To summarize what HYRY said and to ensure Cython can generate fast indexing code, try something like the following:

cimport cython
import numpy as np
cimport numpy as np


ctypedef np.float_t ftype_t
cdef extern from "ccxtc.h" namespace "ccxtc":
    cdef cppclass xtc:
        xtc(char []) except +
        int next()
        int natoms
        float (*x)[3]
        float time


cdef class pyxtc:
    cdef xtc *thisptr

    def __cinit__(self, char fname[]):
        self.thisptr = new xtc(fname)

    def __dealloc__(self):
        del self.thisptr

    property natoms:
        def __get__(self):
            return self.thisptr.natoms

    @cython.boundscheck(False)
    @cython.wraparound(False)
    cdef _ndarray_from_x(self):
        cdef np.ndarray[np.float_t, ndim=2] res = np.zeros([self.thisptr.natoms,3], dtype=np.float)
        cdef int i
        for i in range(self.thisptr.natoms):
            res[i,0] = self.thisptr.x[i][0]
            res[i,1] = self.thisptr.x[i][1]
            res[i,2] = self.thisptr.x[i][2]
        return res

    property x:
        def __get__(self):
            return self._ndarray_from_x()

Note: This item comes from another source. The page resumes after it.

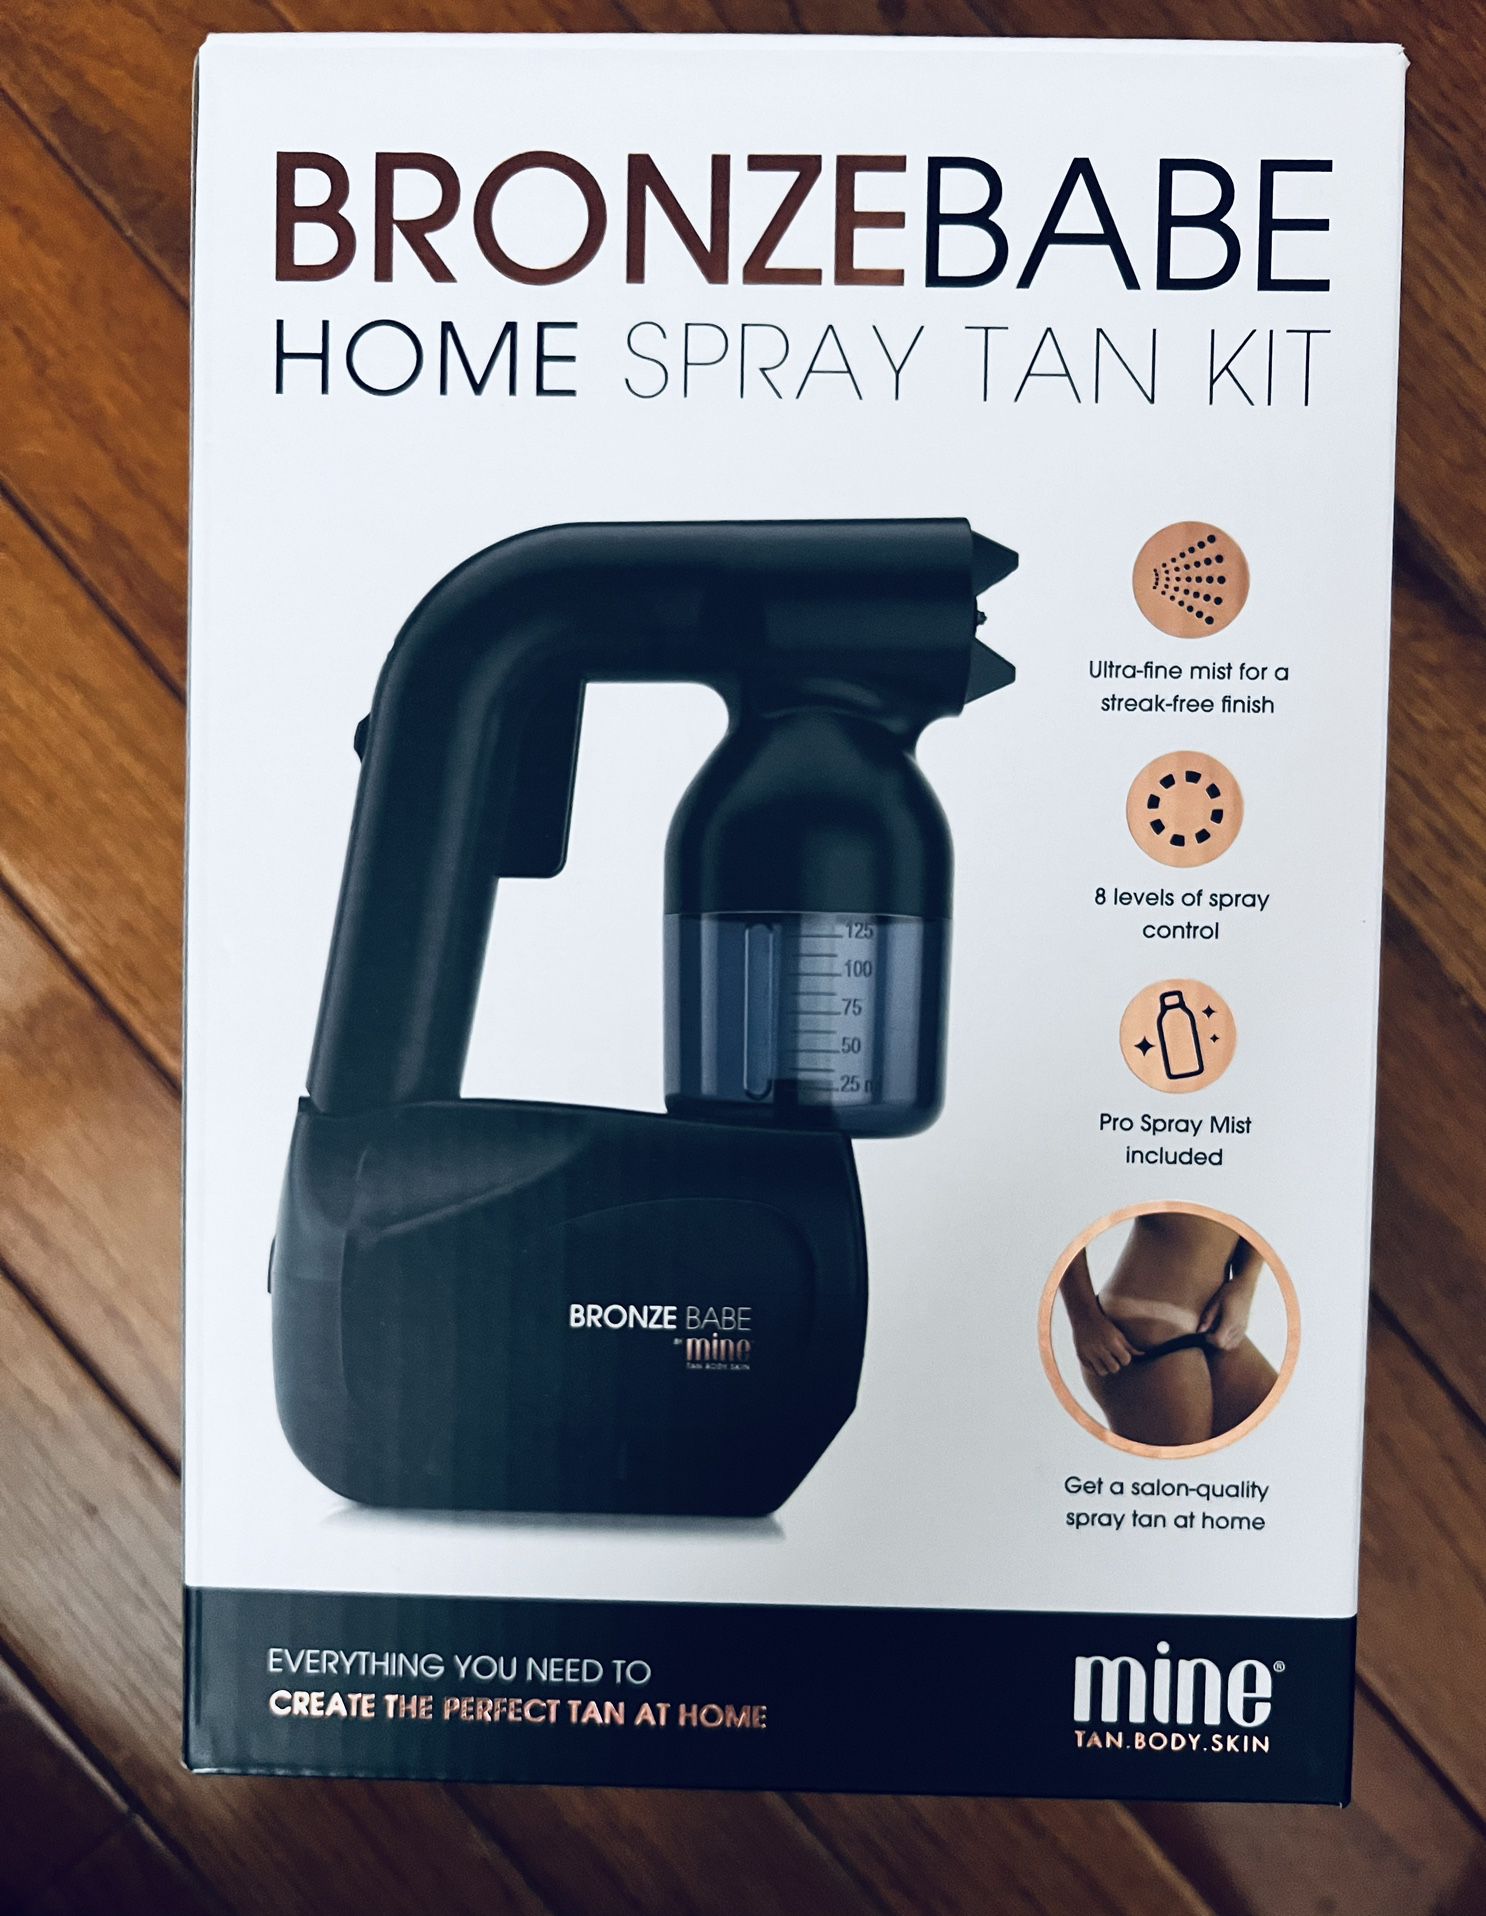 Bronze Babe Home Spray Tan Kit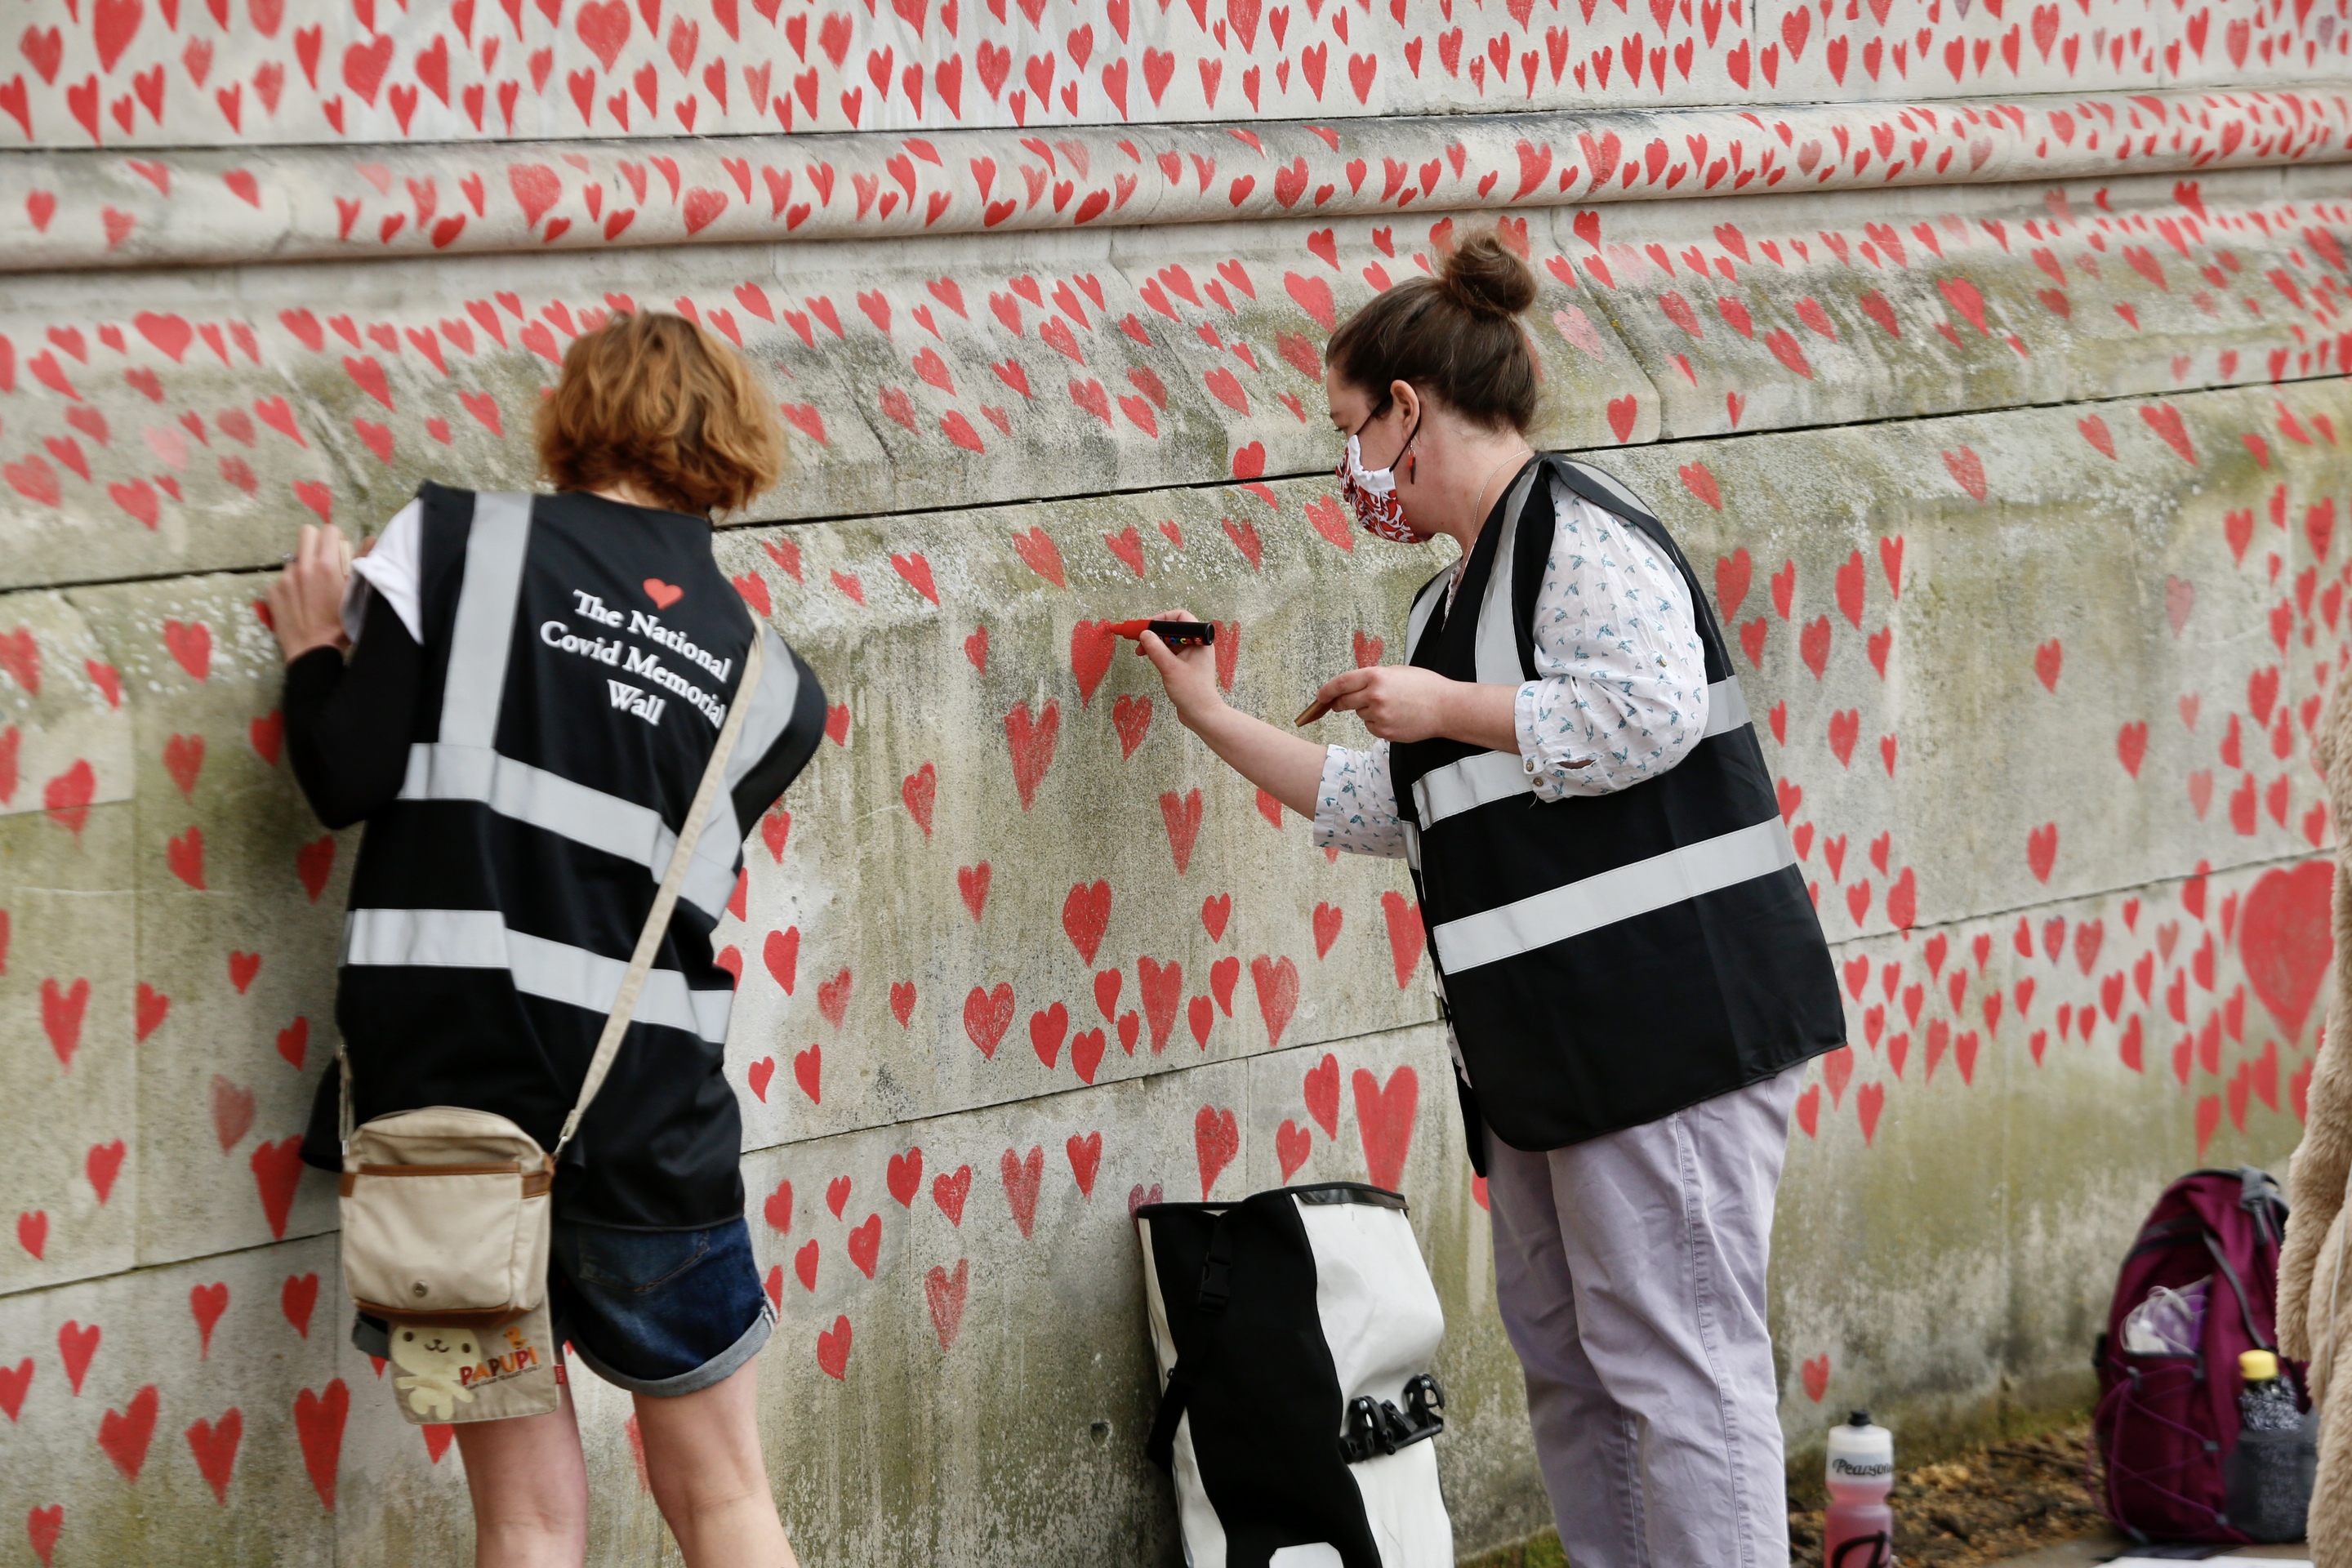 National Covid Memorial Wall in London honors pandemic victims

    @cython.boundscheck(False)
    def next(self):
        return self.thisptr.next()

All I did was put the fast stuff inside a cdef method, put the right optimizing decorators on it, and called that inside the property's __get__(). You should also make sure to refer to self.thisptr.natoms inside the range() call rather than use the natoms property, which has lots of Python overhead associated with it.